Wir finden daher auch in den Colonien drei Viertel Araber, ein Viertel Juden als Hilfsarbeiter thätig.
Der Araber, dessen von Jugend auf au erzogene primitive Ernährungsmethode demselben das Auskommen mit einigen Oliven und einem Laib Brot den Tag über gestattet, ist zufrieden. Der russische oder galizisehe Jude aber,, der, wie es in den meisten Fällen geschieht, mit zahlreicher Familie nach Palästina kommt, kann mit diesem Hungerlohne nicht auskommen. Er ist das Klima nicht gewohnt und kann ohne unbedingte Gefährdung seiner Gesundheit nicht so leben wie der Araber. Ausserdem ist das Angebot an jüdischer Arbeitskraft in Palästina ein so grosses, dass selbst unter den traurigen Conditionen von Sieben Piaster-Existenzen an ein gesichertes Unterbringen dieser fünfzig Familien ohne grobe Benachteiligung hiesiger, ebenfalls arbeitsberechtigter Juden nicht gedacht werden kann.

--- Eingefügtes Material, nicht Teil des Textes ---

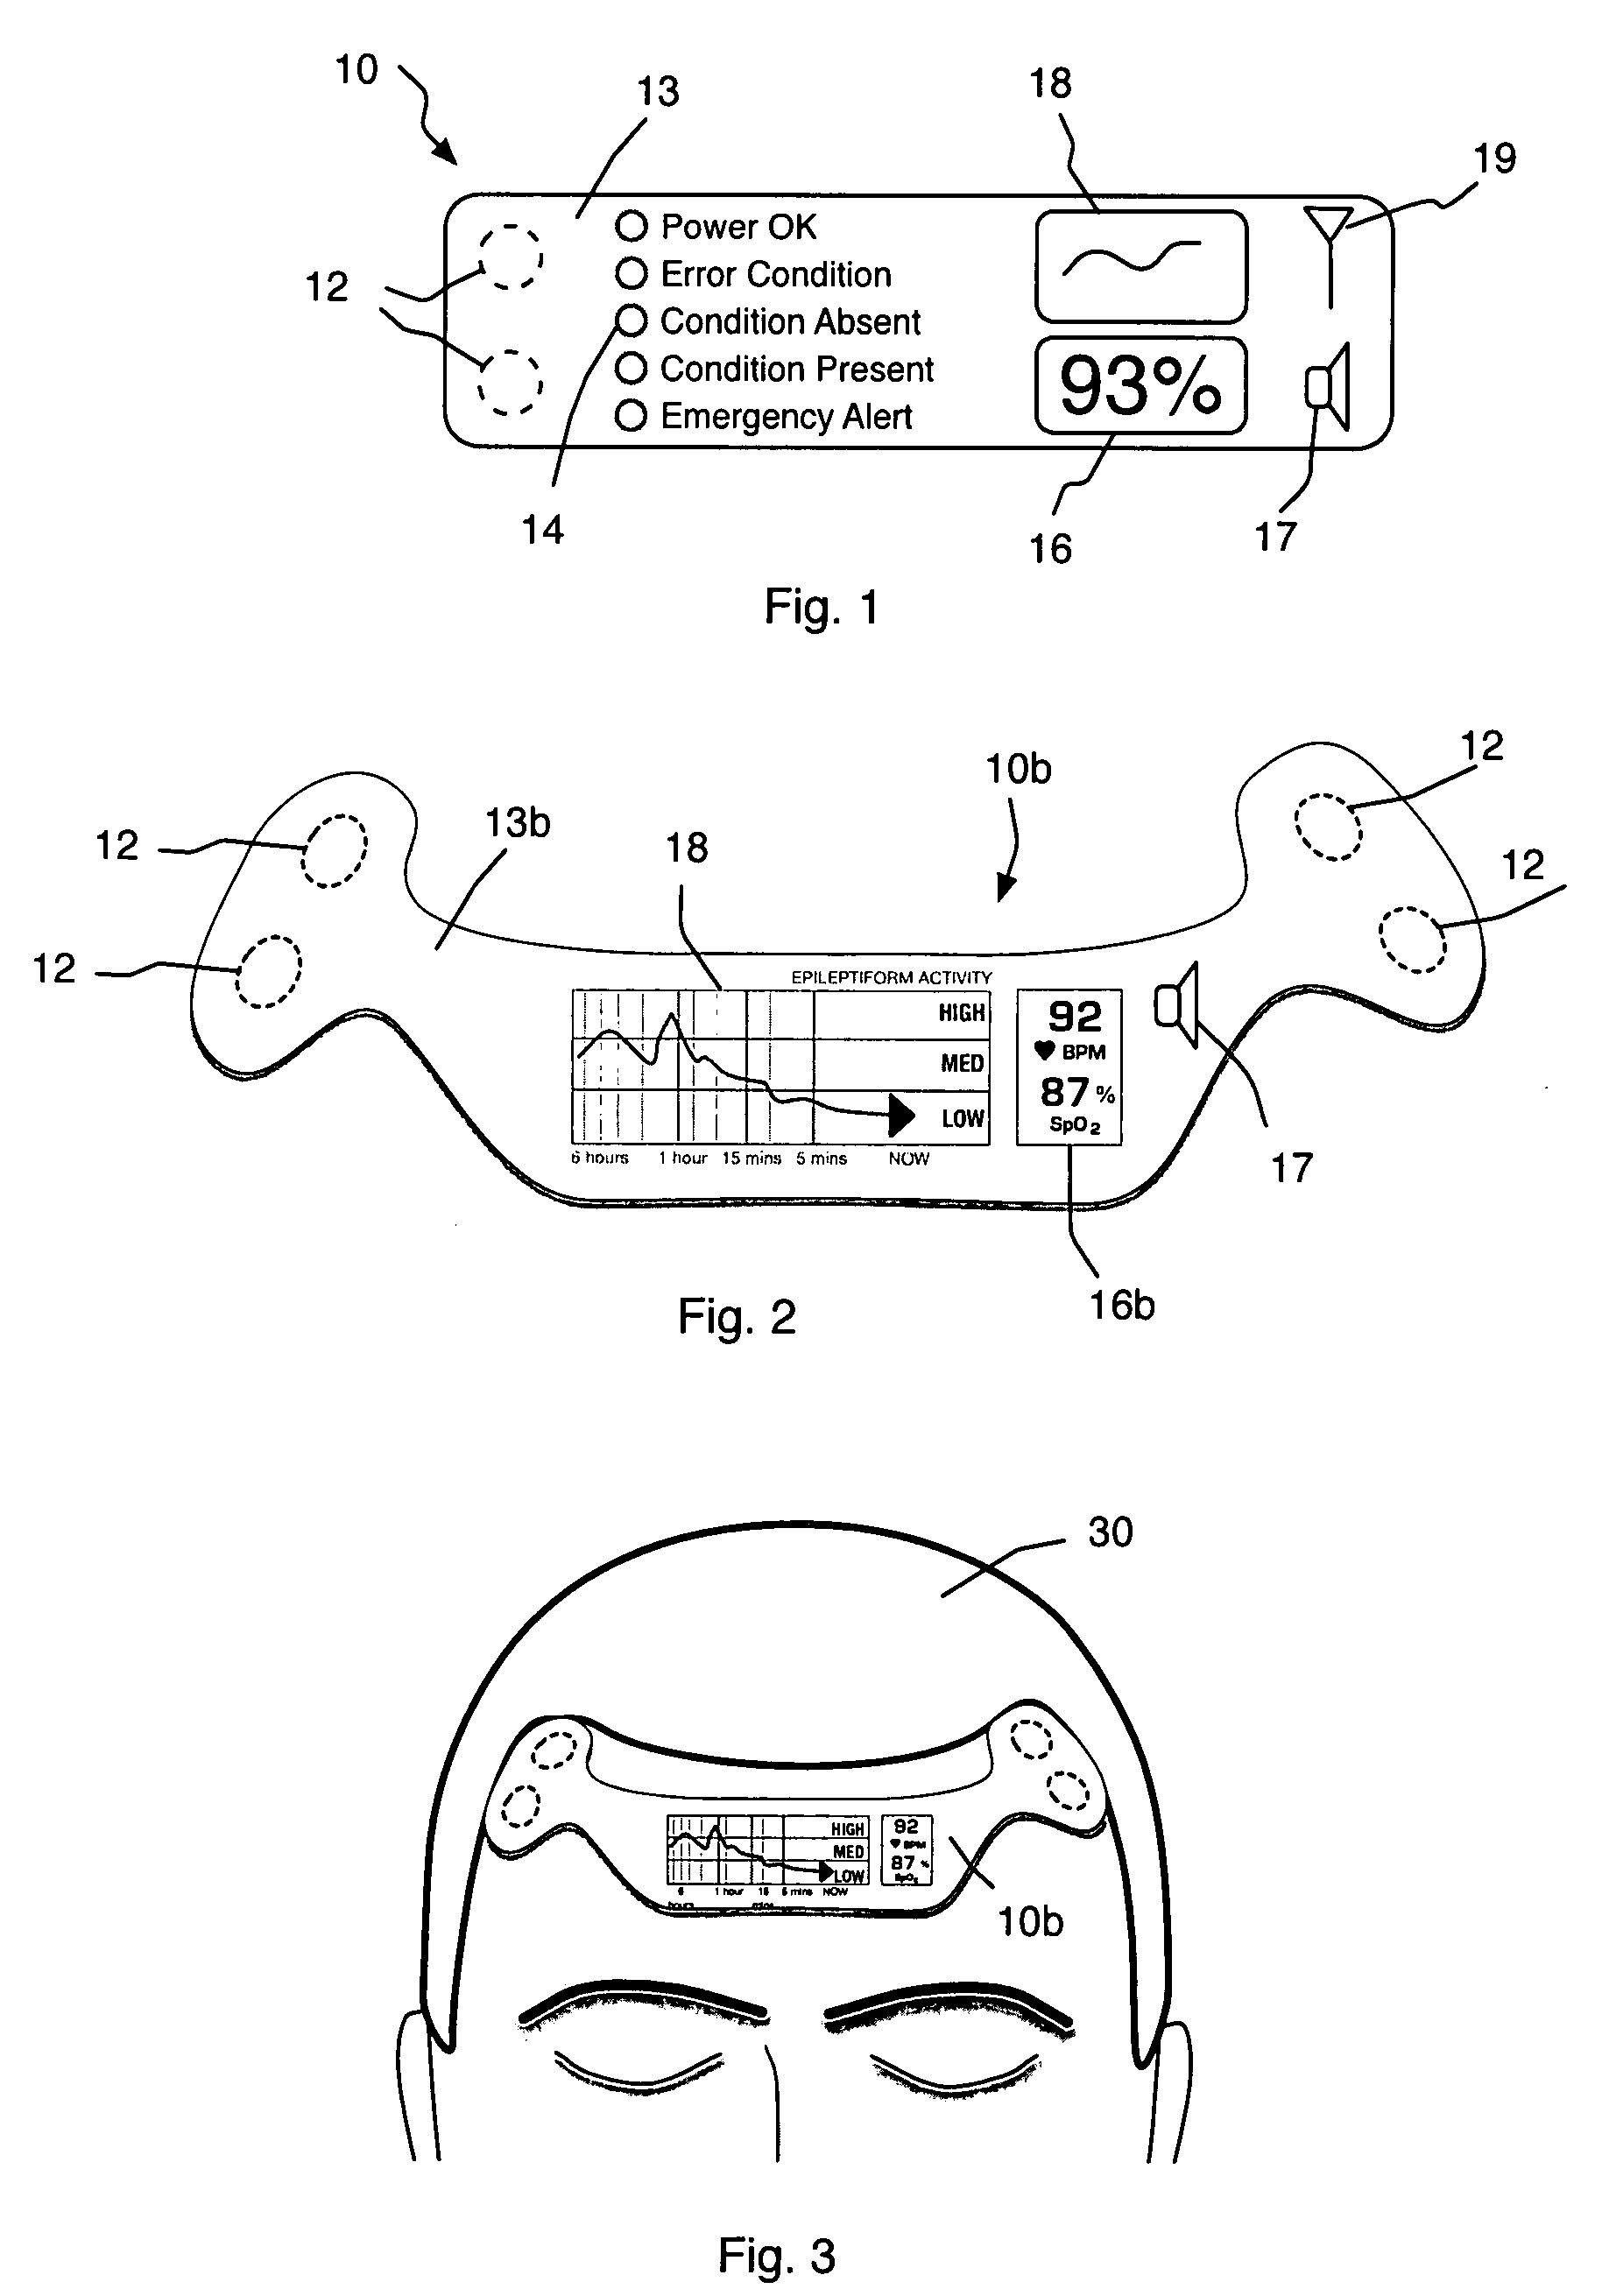 Self-contained surface physiological monitor with adhesive attachment

So lange nicht unsere Colonisten selbst aufgehört haben werden, Hilfsarbeiter der einzelnen palästinensischen Colonisationsfactoren zu sein, so lange sie nicht in der Lage sein werden, ihren Wein, ihre Products selbst zu erzeugen und direct zu verkaufen, so lange sie angewiesen sein werden, sich hierzu der Hand des Dritten zu bedienen und sie dafür dankerfüllt zu küssen: insolange wird das Hinzukommen neuer Hilfsarbeiter als ungesunde Massregel
zu verwerfen sein. Traurig für diejenigen, die, in Palästina dann angelangt, die Brotfrage nicht lösen können, peinlich für die Masse bereits hier ansässiger, beschäftigungsloser jüdischer Arbeiter, deren Hoffnung, Existenz zu finden, sich bei Ankunft, neuer Proletarier- erklärlicherweise stets nur verringern muss.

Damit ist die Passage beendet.